Innovation Policy for the Future

Geraldine Bloomfield |

 

“Grand challenges such as climate change and growing inequality call for transformative changes in our society. Innovation will play a major role in coming up with solutions. The identified UN sustainable development goals can serve as direction, but a big and important question is: How to design, implement and govern innovation policies that can help form a desired future? A new policy framework is in emergence and will also affect policies for a sustainable bioeconomy.

 The UK has a central role in the Transformative Innovation Policy Consortium whose quest is to deliver a new innovation policy framework that can help solve grand challenges. Schot was in Oslo in December 2016 and gave the key note Research & Policy Agenda For a World in Transition at the NORSI conference at BI.

The wickedness of grand challenges

The grand challenges, often called wicked problems, are complex and hard to solve. These problems have innumerable causes, do not have one right answer, and there are no templates to follow in how to tackle them. The fact that the various wicked problems often are interconnected, adds to the challenge. Despite of these overwhelming and intricate characteristics, we still need to combat the grand challenges.

Transformative change in society

At a system level, the backbone of our society are socio-technical regimes. These are specific sets of stable rules that affect institutions and infrastructures. They color how we define problems, our expectations and actions. They are systems maintained and reproduced by humans and social groups, and they affect policy and how we govern our society. The existing systems based on fossil fuels, mass production and consumption appear to be on collision course with a sustainable
society. In order to achieve a transformative change or a deep transition in society, multiple socio-technical systems must go in the same direction (Schot & Kanger 2016).

Three frames of innovation policy

When considering the last 50 years of innovation policies, Schot and Steinmüller (2016) suggest to group these years’ policies into three different analytical frames; the first one R&D & Regulation was dominant from the 1960s to the 1980s, the National Systems of innovation has been dominant in the 1990s until today, while the third frame Transformative change is in emergence. Each frame reflects its contemporary social and economic circumstances, and each frame typically evolves as a response to insufficiencies linked to the previous frame.

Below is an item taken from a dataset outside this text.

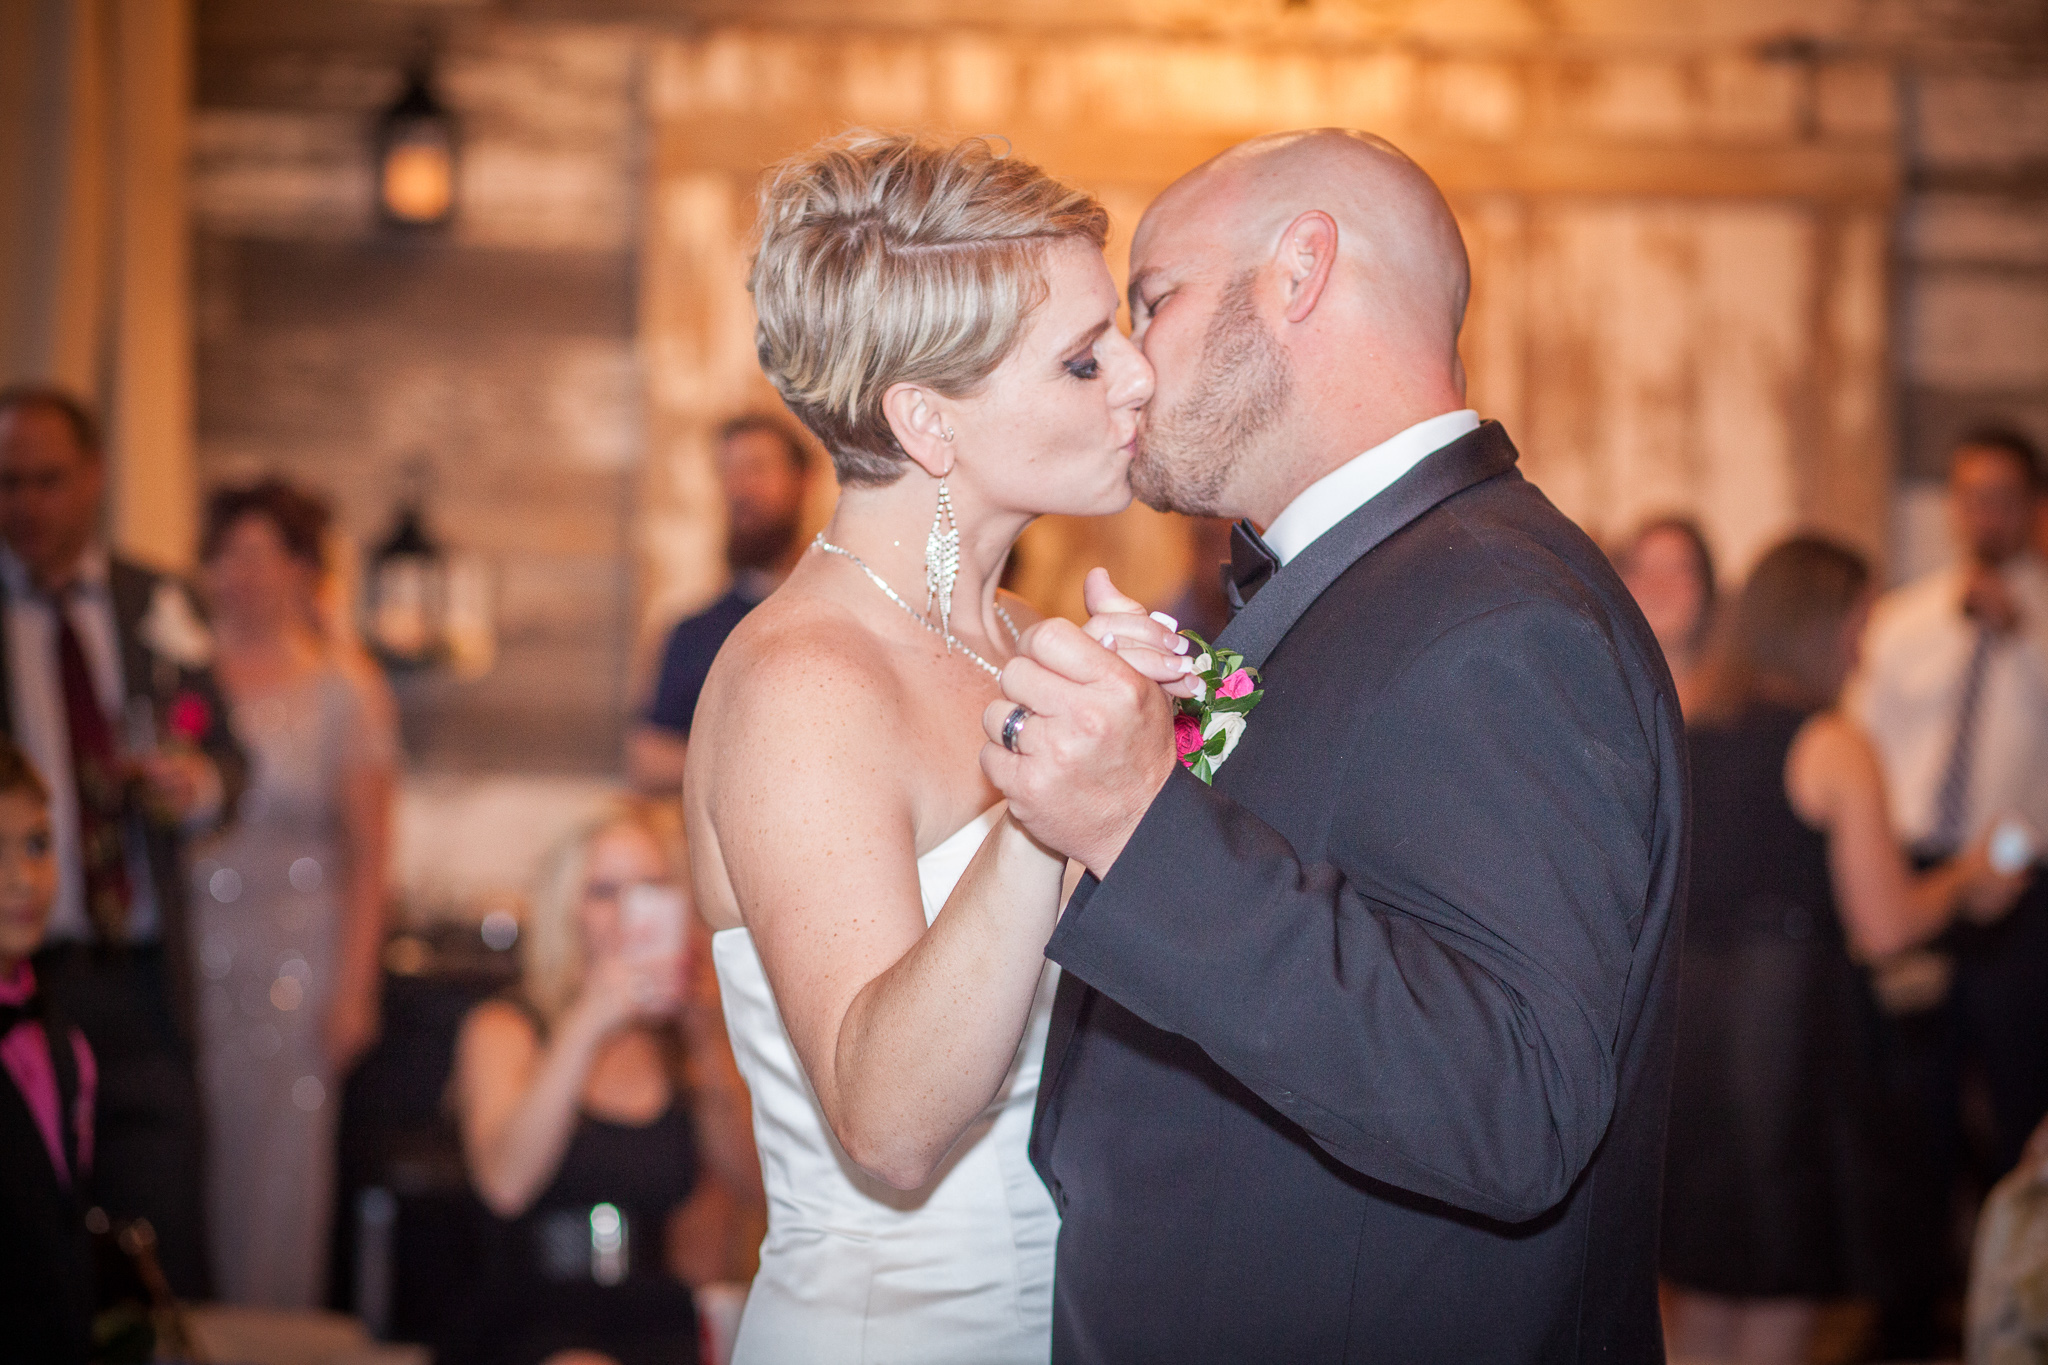 Wedding_Day_Moments_To_Do_List_Melanie&David_289.jpg

R&D & Regulation – in this frame, innovation policy is about growth by stimulating knowledge production (research and development) and high tech solutions through incentives. Experts, scientists and engineers are the innovating actors. In this frame the logic is based on a linear invention – innovation – diffusion model and it is assumed that the market system steers the diffusion. Governmental intervention is only needed in the case of market failure.

National Systems of Innovation – this frame departs from the identification of system failures such as lack of cooperation and coordination between the various actors within the innovation system. A broader range of actors are involved in innovation such as universities, networks, users, governments, and market actors such as small medium sized companies and entrepreneurs. The linear model is replaced with a more interactive and complex model with feedback loops. The policy activities are various, including those found in the previous frame, to platforms stimulating interaction, educational efforts for absorptive capacities and stimulation of entrepreneurship. Any innovation is encouraged since it fosters economic growth and competition.

Transformative Change – in this frame innovation policy is shaped by the need to solve social and environmental challenges. R&D and innovation do not always lead to human welfare. Instead the overall goal is to influence socio-technical regimes so they can lead to transformation in structures and institutions. Broad societal participation is highlighted, therefore the innovation actors can be anybody including companies, governments and civil society. Policy interventions are about opening up processes that generate a diversity of solutions and support in setting up experiments.

A consortium for transformative innovation policy

With the aim to examine innovation systems to explore innovation policy for the future, the Transformative Innovation Policy Consortium was established in late 2016. The consortium partners are the University of Sussex (UK), The Research Council of Norway, The South-African National Research Foundation, Colombian Administrative Department of Science, Technology & Innovation (Colciencias), Swedish Governmental Agency for Innovation Systems (VINNOVA), Finnish Funding Agency for Innovation (Tekes). They have all committed resources, time and expertise to shape and deliver a new innovation policy framework that can help solve societal challenges. The programme is now in a pilot phase and will consist of theoretical and historical analysis of innovation policy, as well as studying selected case-studies.”

References:

Schot, Johan & Kanger, Laur (2016). Deep Transitions: Emergence, Acceleration, Stabilization and Directionality. [Working paper] Available at http://www.johanschot.com/publications/deep-transitions/

Schot, Johan & Steinmüller, W. Edward. (2016). Framing innovation policy for transformative change: Innovation policy 3.0. [Working paper, draft 2]. Available at http://www.johanschot.com/publications/framing-innovation-policy/

Schot, Johan (2016). “Research & Policy Agenda For a World in Transition” NORSI Conference, December 15th, 2016, BI Oslo [Key note presentation].